Ein "echter Malzochs" sei sie, in Niederbexbach geboren, wo einst auf den Feldern die Gerste wuchs. Auf den Spitznamen sei sie stolz, sagte sie und lacht. Hier hat sich die Familie niedergelassen, mit dem Eigenheim wollen sie fürs Alter vorsorgen. Doch es gibt auch noch den Moment, der gelebt werden will. Der plötzliche Tod ihres Vaters, erzählt Nicole Schmidt, habe ihre Einstellung zum Leben verändert: "Früher hab ich immer gedacht, du musst sparen, du weißt nicht, was noch kommt. Jetzt denke ich: dein Leben kann so schnell vorbei sein, eigentlich muss man das mitnehmen, was man mitnehmen kann." Letztes Jahr sind sie öfter mal spontan mit den Kindern essen gegangen oder mal kurzfristig nach Paris ins Disneyland gefahren. Die Schmidts sind nämlich Mickymaus-Fans. "Das fällt jetzt erstmal aus", sagt Karsten Schmidt. "500 Euro muss man auch irgendwo sparen. Die hatten wir ja nicht jeden Monat übrig."

Gut 30 Kilometer flußabwärts der Blies in Gersheim sitzt Mario Fontana am Wohnzimmertisch. Mit drei Worten beschreibt er seine Situation: "Kurzarbeit ist Teilarbeitslosigkeit!" Seit über 20 Jahren montiert und prüft der 44-jährige Vater von zwei Söhnen in Homburg Komponenten für die Autoindustrie. Sein Arbeitsrhythmus teilte sich wie der von Karsten Schmidt in drei Perioden: Frühschicht von sechs bis 14 Uhr, Mittagsschicht von 14 bis 22 Uhr und Nachtschicht von 22 Uhr bis um sechs. Jede Woche im Wechsel. Welche Schicht er am liebsten mache? "Die Freischicht", scherzt er und für einen Augenblick ist die Wirtschaftskrise weg. Doch er wäre derzeit heilfroh über jeden Auftrag für seinen Arbeitgeber, die Robert Bosch GmbH, der ihn zu seiner Arbeit zurückkehren ließe. Doch jetzt wird die Kurzarbeit erstmal mehr. Fontana rechnet dadurch im Monat mit 300 bis 400 Euro weniger.
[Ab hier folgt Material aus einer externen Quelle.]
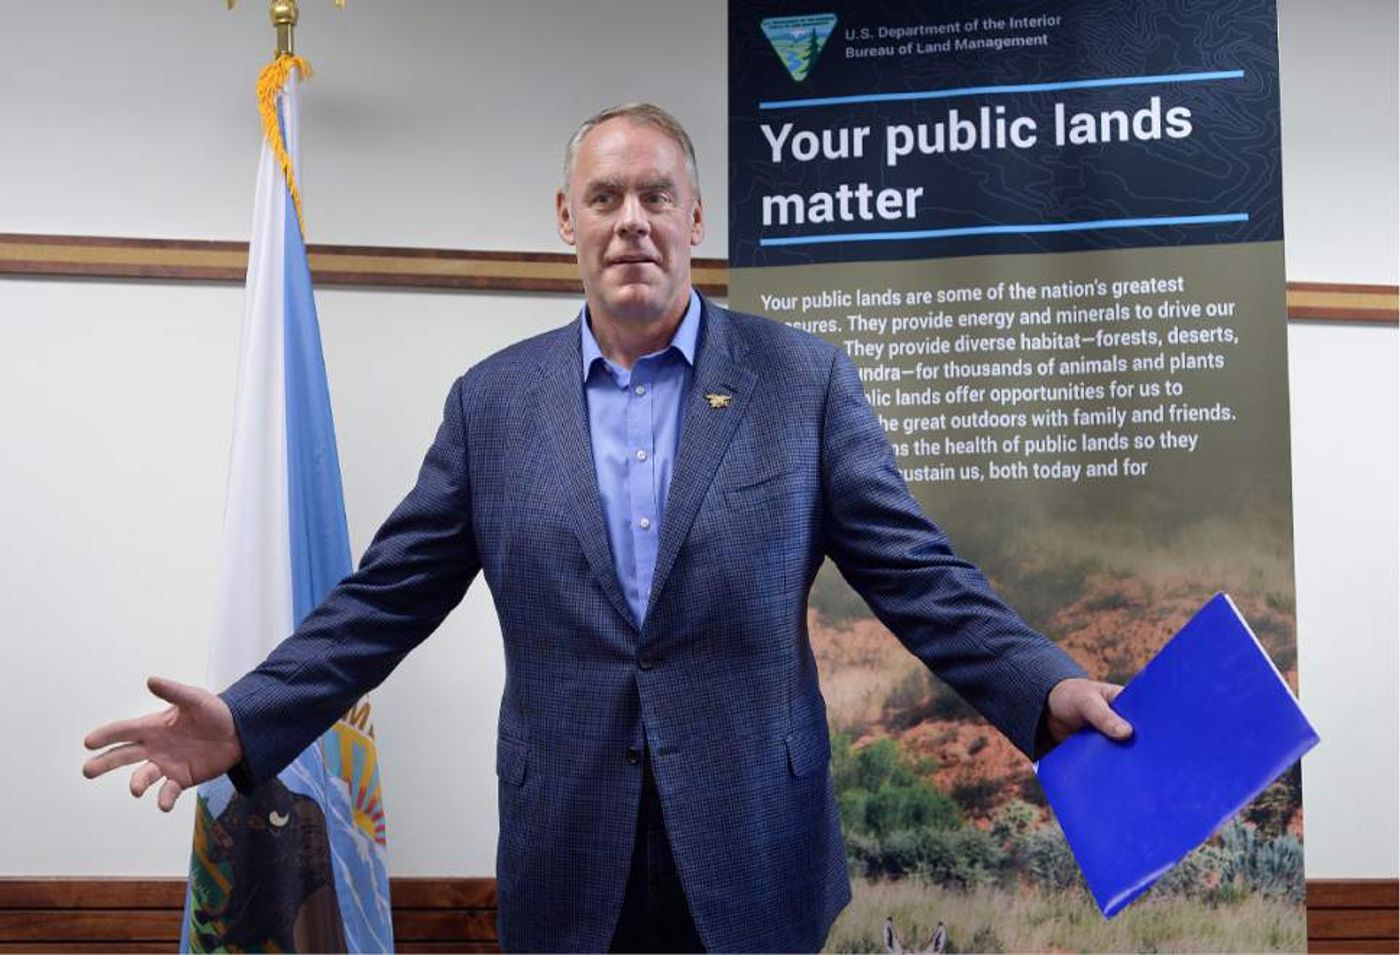 Interior Secretary Zinke, standing in front of a poster that says "Your public lands matter". Photo: Salt Lake City News Archive

Seine Rücklagen sind bei der Renovierung der Küche draufgegangen, sagte er. Alle weiteren Arbeiten am Haus müssten vorerst warten. "Ich werde sowieso häufig gefragt, wie ich das mache, als Alleinverdiener mit meiner Frau, dem Haus und zwei Kindern. Das wird jetzt alles schwieriger." Fontanas Söhne sind 14 und 18 Jahre alt, der Älteste macht eine Ausbildung.

Was Fontana im Augenblick sehr umtreibt, ist die Politik. Er kandidiert bei den Gemeinderatswahlen im Juni für die Linke. Um Energie und Kosten zu sparen, hat er gerade von einer Öl- auf Holzheizung umgestellt. Das wird gerade jetzt für ihn wichtig, in der Kurzarbeit. "Ich suche noch nach einem günstigen Stromanbieter, ansonsten weiß ich nicht mehr, wo ich noch sparen könnte."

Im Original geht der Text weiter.